Her kitchen was small and well organized. In the middle of her white marble table were twelve canary-yellow ceramic cups, arranged as though they were the petals of a lotus flower. Inside each cup were powdered spices – turmeric, paprika and others in varying shades of red, yellow and brown that I was unable to identify. Not surprisingly, the air was heavy with the scent of curry.

‘Beautiful,’ I said, pointing to her ceramic flower.

‘I’m glad you like it,’ she replied gently.

After filling her kettle, she got out our mugs – black with blue frost glazed on the rim – and set them on the counter. She hesitated for an instant when she reached for the handle of her silverware drawer and then nearly fumbled the small spoons she took out. That, together with the constrained, purposeful slant of her jaw told me she might prefer a few minutes of small talk before being questioned.

‘How long have you been doing yoga?’ I asked.

‘Since I was a kid. It was my father who got me started, as a matter of fact – yoga and judo.’

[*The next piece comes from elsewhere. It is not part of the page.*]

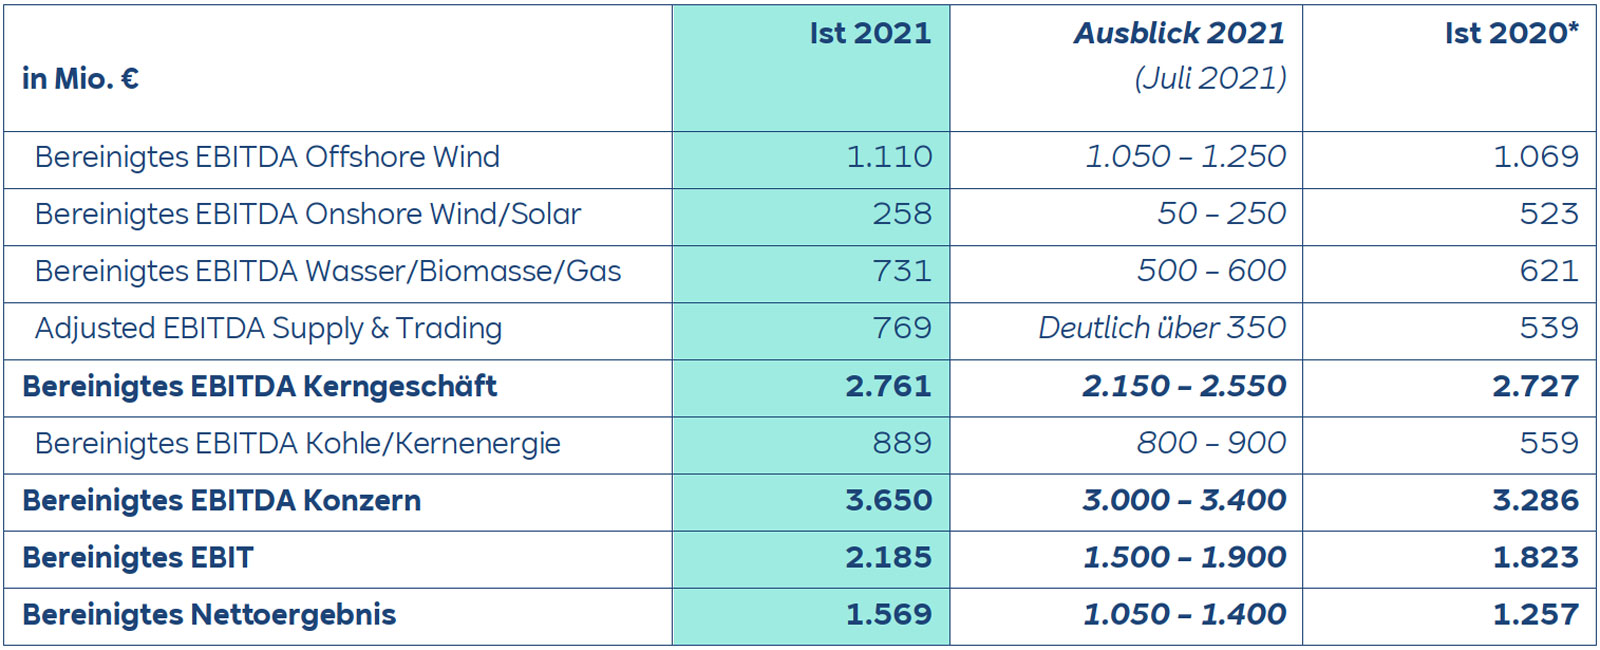 Vorläufiges Ergebnis von RWE für das Geschäftsjahr 2021 übertrifft die Prognose

‘And how long have you taught at the French high school?’

‘Eight years.’

‘A good place to teach?’

‘I love it. The kids are great.’ She pointed to two tins of Twinings tea on a high shelf. ‘English Breakfast or Earl Grey?’

‘English Breakfast.’

Standing on her tiptoes, she knocked the tin off the shelf and caught it securely.

‘I’m guessing you’re bilingual, French and Portuguese,’ I said.

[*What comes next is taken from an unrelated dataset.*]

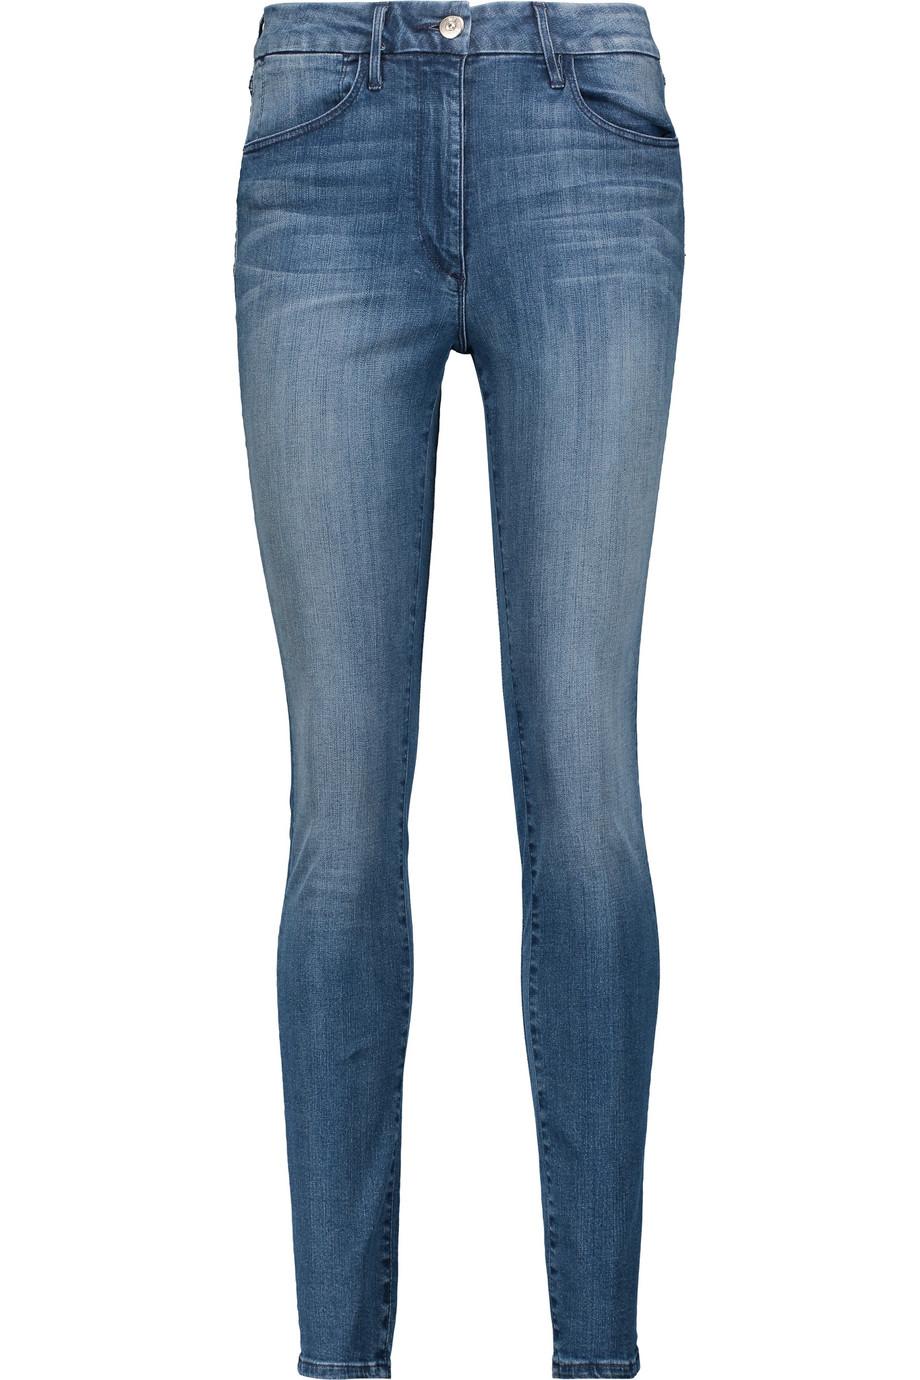 3x1 W3 Channel Skinny Jeans | ModeSens

She nodded. ‘Though I’m more at home in French.’

‘Were you born in France to Portuguese parents?’

‘Exactly.’ She opened the lid of the tin and took a long, grateful inhale. She had a handsome profile. I’d have bet her students did their best to please her – and that she was a talented teacher.

‘I’m told that Sandi was in your class,’ I said.

‘Yeah, she’s a wonderful girl.’ On setting down the tin, she asked, ‘So how did you find me?’

‘A construction worker spotted you leaving Coutinho’s apartment. Though you don’t look much like the sketch he helped us make. It was your hand that gave you away. At first, we thought the tattoo was the number thirty.’